А  Б  В  Г  Д  Е  Ж  З  И  Й  К  Л  М  Н  О  П  Р  С  Т  У  Ф  Х  Ц  Ч  Ш  Щ  Э  Ю  Я  AZ

 

У него нет права быть Нигуласом, потому что Мийя не его жена, а Антона Саулина. Это у Саулина есть право быть Нигуласом. Ему, Лаасу, лучше оставить топор в покое.
Он прочел много книг, в которых действует любовный треугольник, но здесь уже не треугольник. У Саулина была жена и дети, теперь это дети Мийи, у них есть также общий ребенок. Это еще шести- или семиугольник, если не больше, считая первую жену Саулина вместе с ее любовниками. Это уже какой-то дом терпимости, как сказал бы ванатоаский Яан. Таковы господские браки...
Но ведь он, Лаас, никакой не господин. Скорее, Мийя и Саулин господа. И Хилья, а в особенности ее мамочка, относятся к господам. Зато Хильда, которую он, провожая сегодня домой, насильно поцеловал, уже не господского рода... Будь у Хильды время и деньги...

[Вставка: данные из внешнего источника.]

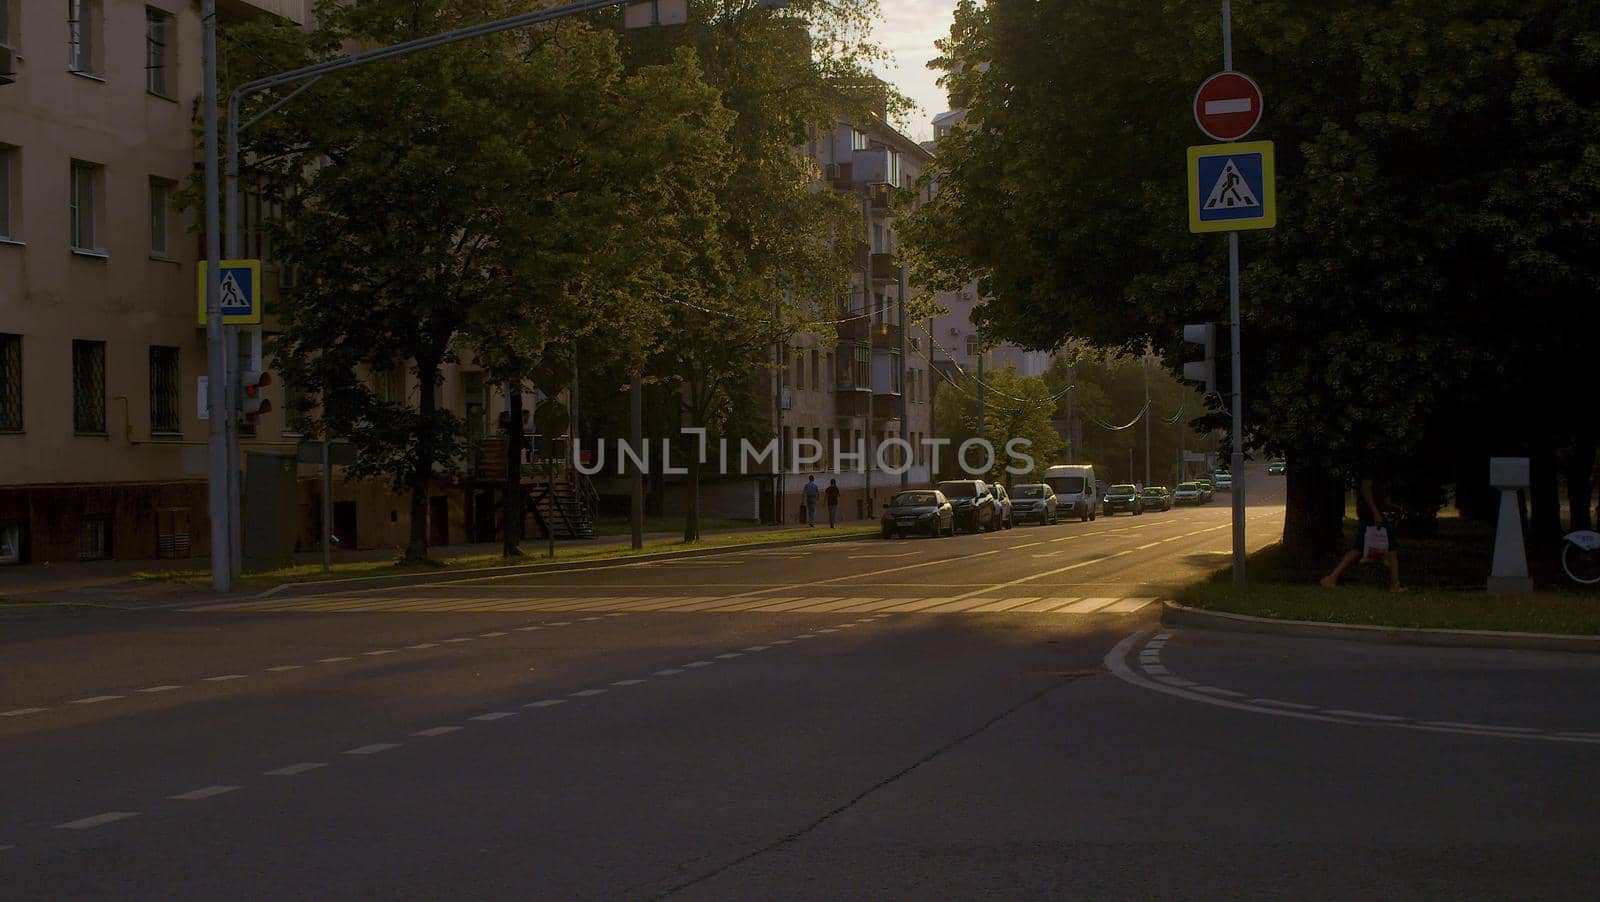 Crosswalk at sunset. Cars on the street by Chudakov

Молодой Вертер покончил с собой. Мартин Идеи, Эмма Бовари и Анна Каренина поступили так же. Он с собой не покончит, и Мийя никогда не наложит на себя руки.
Он пытается продолжить письмо, но и теперь дальше написанного неловкого предложения: «Целовал девушку, которую зовут Хильда»,— дело не подвигается. Заменяет «девушку» на «девочку», затем на «барышню», однако и это его не удовлетворяет. Наконец, когда и остальные слова заменены другими и снова зачеркнуты, он кладет листок без подписи в конверт и ложится в постель, такой усталый, будто выполнял бог весть какую тяжелую работу.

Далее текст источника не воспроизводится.